Название: Интимин (Intimin)
Индификатор PDB: 4e1s
Индификатор Uniprot: отсутствует
Организм из которого был взят белок: Escherichia coli
Локализация: внешняя мембрана грам отрицательной бактреии
Функции: Intimin является фактором вирулентности (адгезином) EPEC (Энтеропатогенная кишечная палочка) и EHEC (Энтерогеморрагическая Кишечная палочка) штаммов E. co> Это прикрепляющий и стирающий (A/ E) белок, который вместе с другими факторами вирулентности необходим и ответственен за энтеропатогенную (водянистая диарея, используют интимин для связывания с клетками кишечника хозяина) и энтерогеморрагическую диарею (кровянистая или бескровная диарея).
9 - TM segments: 1( 211- 219), 2( 226- 234), 3( 242- 251), 4( 256- 264), 5( 272- 279), 6( 287- 296), 7( 300- 308), 8( 329- 336), 9( 347- 353),10( 372- 380),11( 387- 392),12( 401- 408)

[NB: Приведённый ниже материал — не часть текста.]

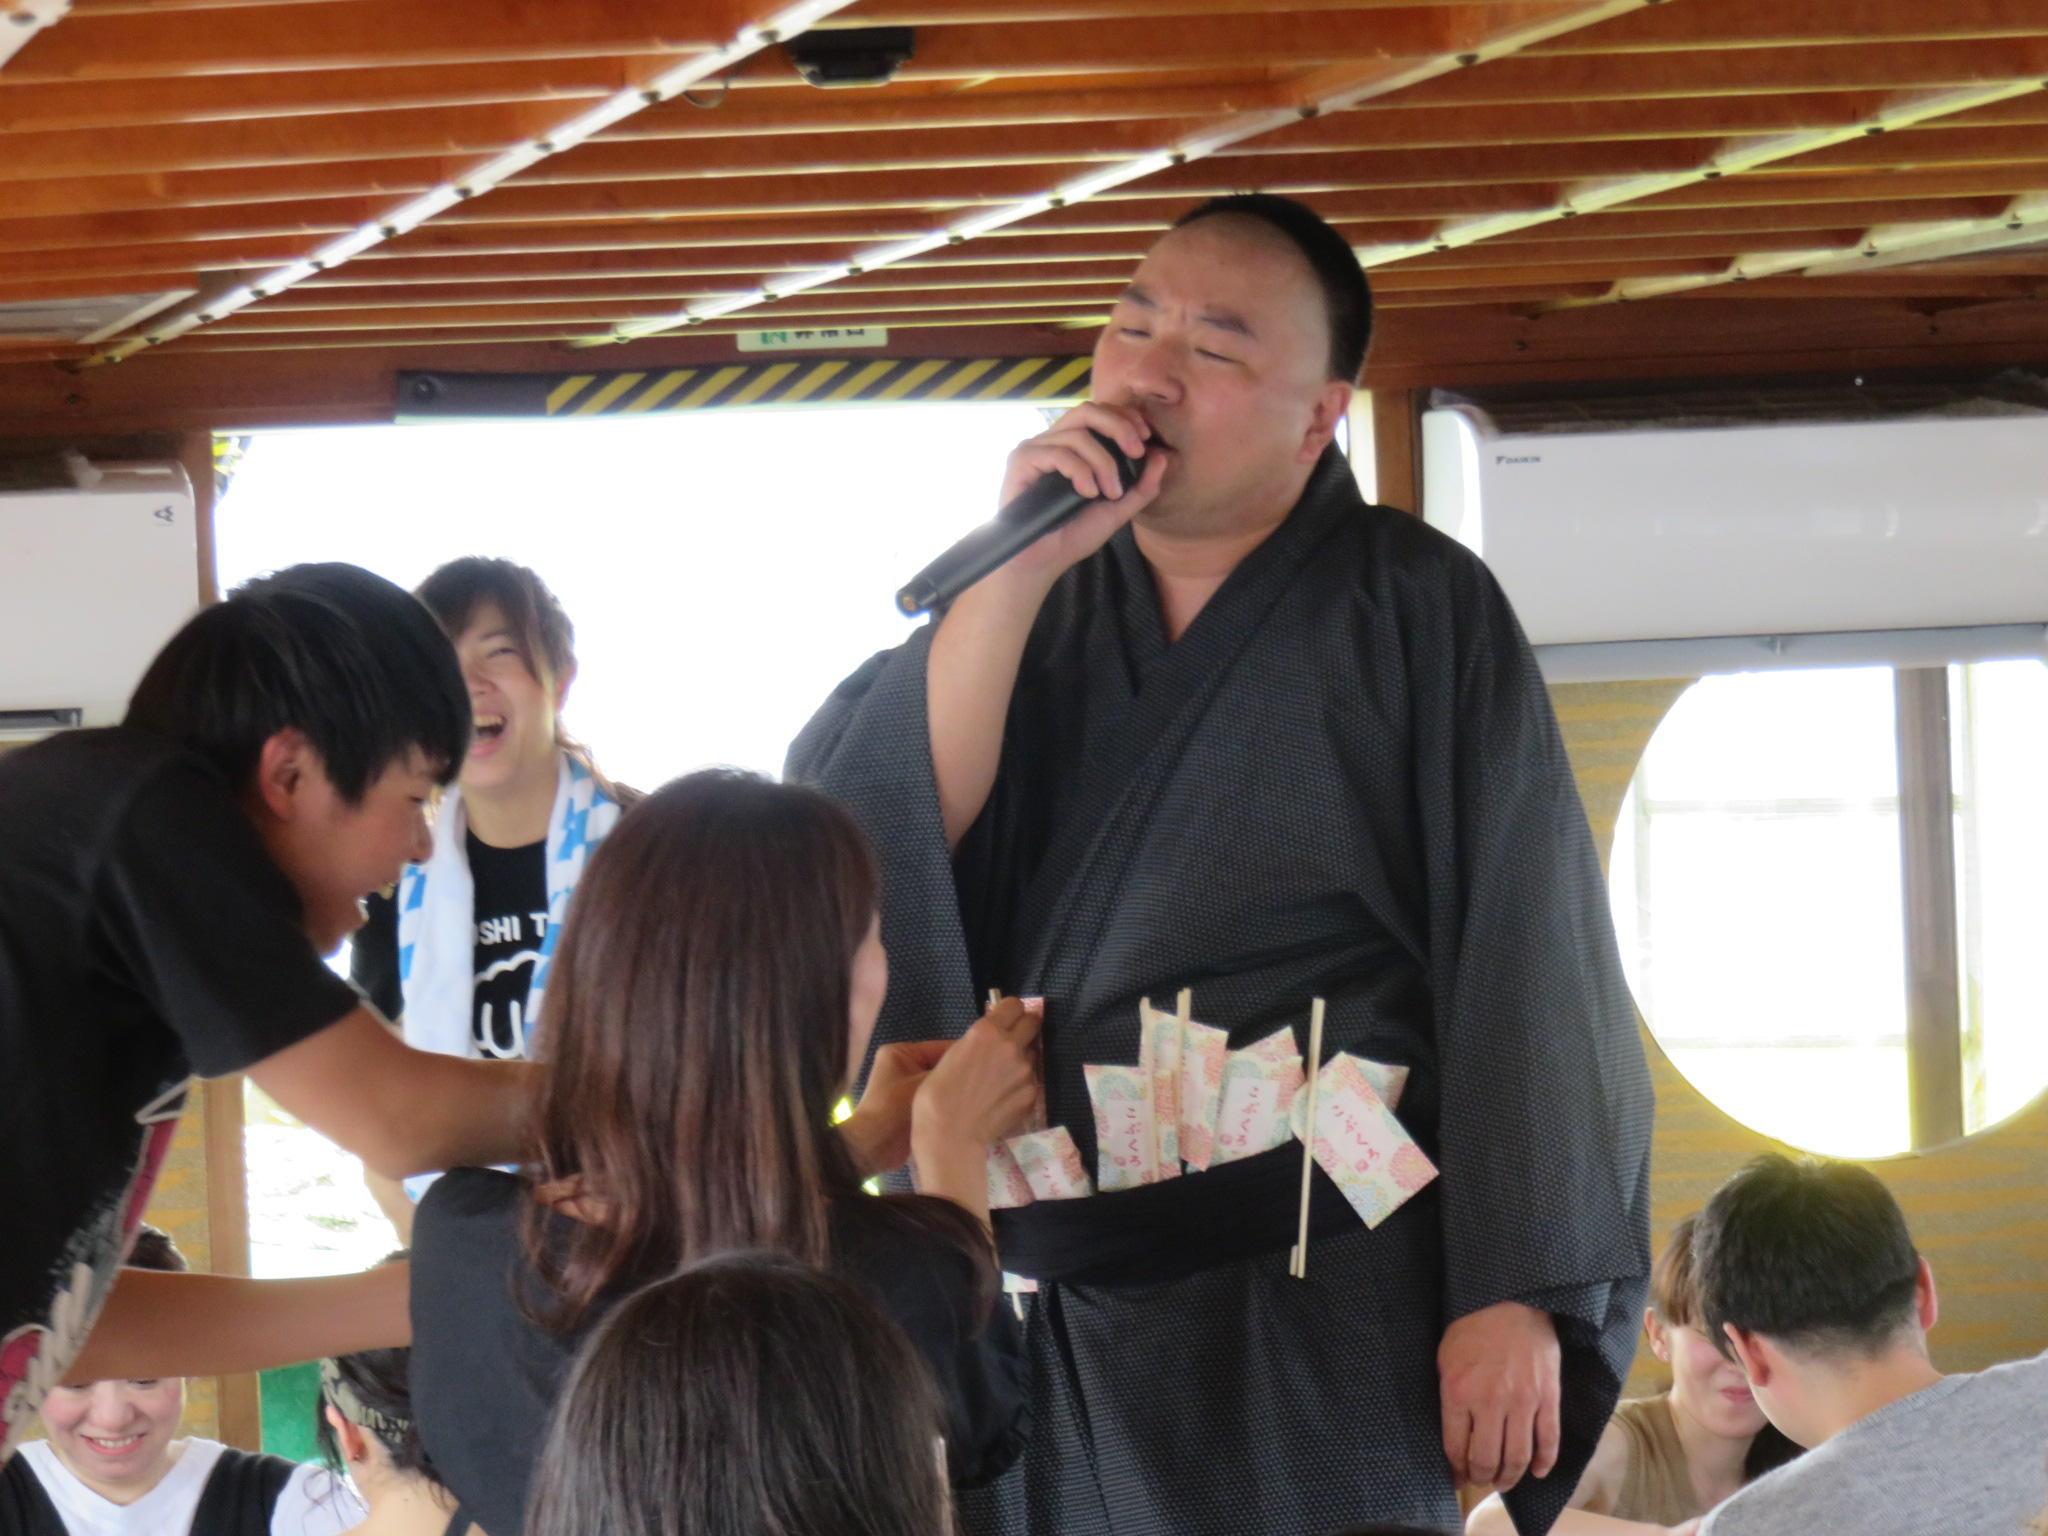 http://news.yoshimoto.co.jp/20170807130100-8ee87d1b9b6d9e03ecbeeae389d5e638422b64f0.jpg

Со страницы PDB этого белка была получена его последовательность, которую я подала на вход DeepTMHMM.
Выдача DEEPTMHMM в формате gff
1(15, 19)
2(21, 25)
3(36, 44)
4(49, 56)
5(65, 73)
6(82, 88)
7(94, 100)
8(123, 129)
9(137, 144)
10(166, 172)
11(178, 185)
12(194, 201)
Исходя из вывода программы, можно сказать, что количество трансмембранных β-листов DEEPTMHMM предсказал верно, а вот координаты очень отличаются.
Название: комплекс переносчиков спермидина abc (Spermidine/putrescine transport system permease protein PotB homolog)
Индификатор SwissProt: POTB_MYCPN
Организм: Mycoplasma pneumoniae
Функции: Необходимы для деятельности бактериальной транспортной системы путресцина и спермидина
Выдача текстовая в формате gff.
1(7, 32)
2(58, 83)
3(94, 114)
4(141, 161)
5(193, 213)
6(247, 267)
Программа DEEPTMHHM нашла 6 альфа-спиралей.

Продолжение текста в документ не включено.